For consumers, the issue is not simply whether the product is “real meat” or “fake meat.” The deeper issue is whether the label explains the biological route. Was the product made from primary cells taken through repeated biopsies? Was it made from immortalized cells? Were those cells spontaneously immortalized or genetically engineered? Were oncogenes, telomerase, or checkpoint-bypass mechanisms involved? Has the final food been tested for genetic stability, contamination, altered proteins, allergenicity, and residual culture inputs?
Those questions do not require panic. They require transparency.
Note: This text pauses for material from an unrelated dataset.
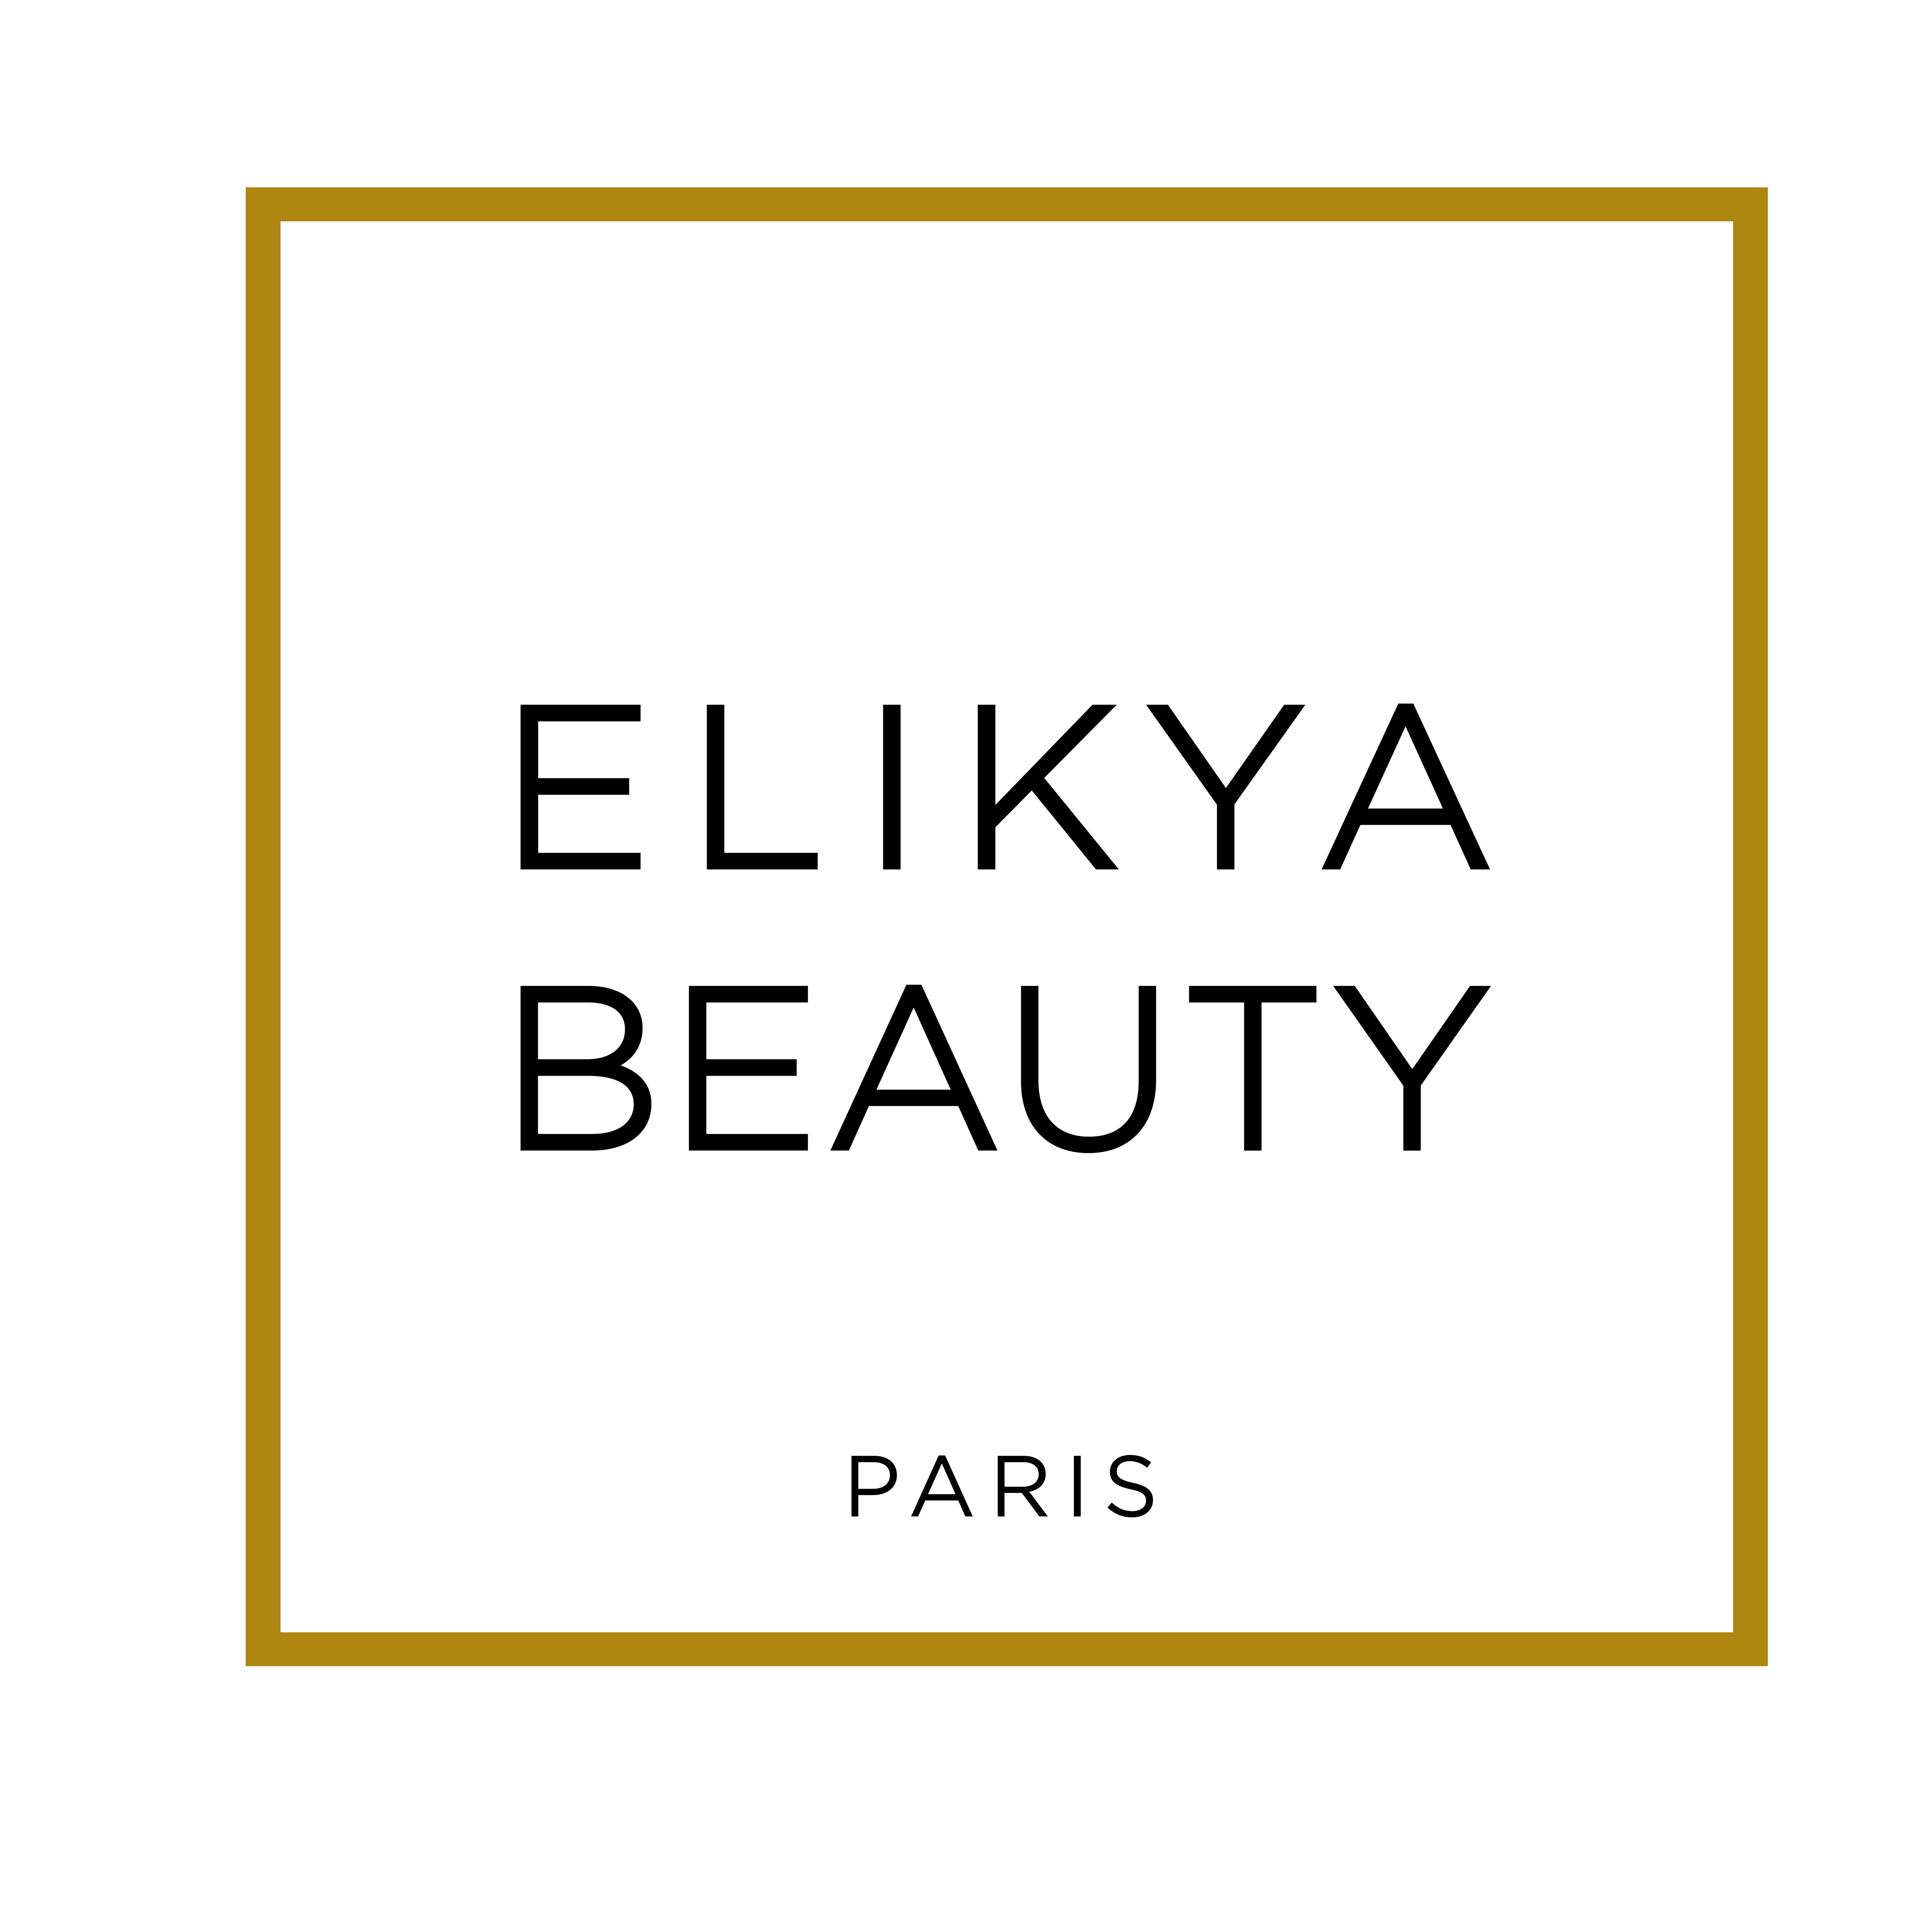 Elikya Beauty

Cultivated meat may be presented as a way to reduce conventional slaughter, but if ordinary primary cells do not divide long enough, the system may still require donor animals and repeated cell collection. If immortalized cells are used instead, the animal-dependence problem may be reduced, but the public inherits a different question: what does it mean to eat tissue produced from cells selected or modified to keep dividing indefinitely?
The debate over lab-grown meat is therefore not only about technology. It is about the biological meaning of food. Conventional meat comes from the full life of an animal. Cultivated meat begins with cells separated from that life and maintained in a controlled system. That shift may be acceptable to some consumers and unacceptable to others. But it should not be hidden behind vague language.